Tag Archives: Isaiah

“Right”

"Right" (CaD 2 Ki 19) Wayfarer

Hezekiah received the letter from the messengers and read it. Then he went up to the temple of the Lord and spread it out before the Lord.
2 Kings 19:14 (NIV)

The author(s) of Kings and Chronicles record the reigns of the 39 monarchs of the divided kingdom. There were 19 kings of Israel and they are all listed as having been evil in the sight of the Lord because of their idolatry and accompanying practices such as sacrificing their own children. Of the 20 kings of Judah, only eight were recorded to have done right in the eyes of the Lord. That leaves the tally of those who did evil at 31, and those who did right at 8. I can’t help but think of Jesus’ words describing the path to life being a narrow road and few following it, while the highway to destruction is pretty much a busy interstate.

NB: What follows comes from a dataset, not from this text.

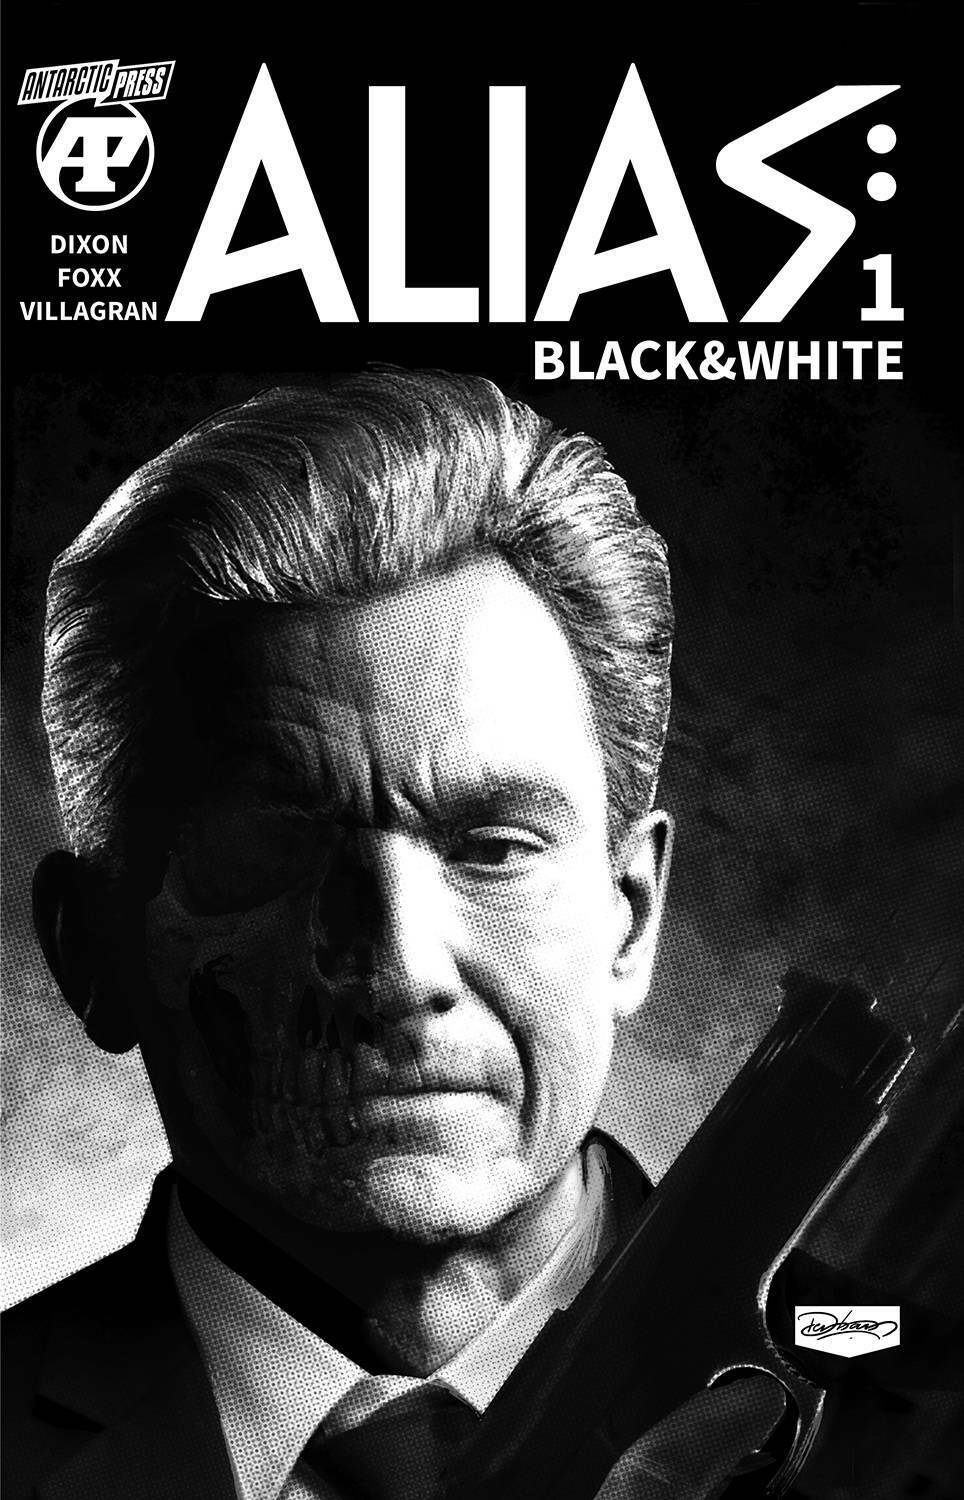 ALIAS BLACK & WHITE #1 DENHAM COVER ANTARCTIC PRESS COMICS INDY

The story of Judah’s King Hezekiah is one of the most intriguing and inspiring of all the kings of Israel and Judah. In fact, the author of Kings calls him the undisputed leader of the “Right Eight.” His story is made all the more intriguing due to the fact that the miraculous fulfillment of Isaiah’s prophecy and the decimation of Assyria’s besieging army in today’s chapter are historical facts, as is Isaiah’s prophetic description of the King of Assyria’s patricidal assassination and the ascension of his younger son to the throne.

So what was it that made Hezekiah a leader of the “Right Eight?”

The first clue I have is from the previous chapter. While some of the other members of the “Right Eight” had rather lenient policies regarding those in Judah who wanted to follow the evil practices of the regional pagan deities and cults, Hezekiah refused to allow the evil practices to officially continue in the nation under this leadership.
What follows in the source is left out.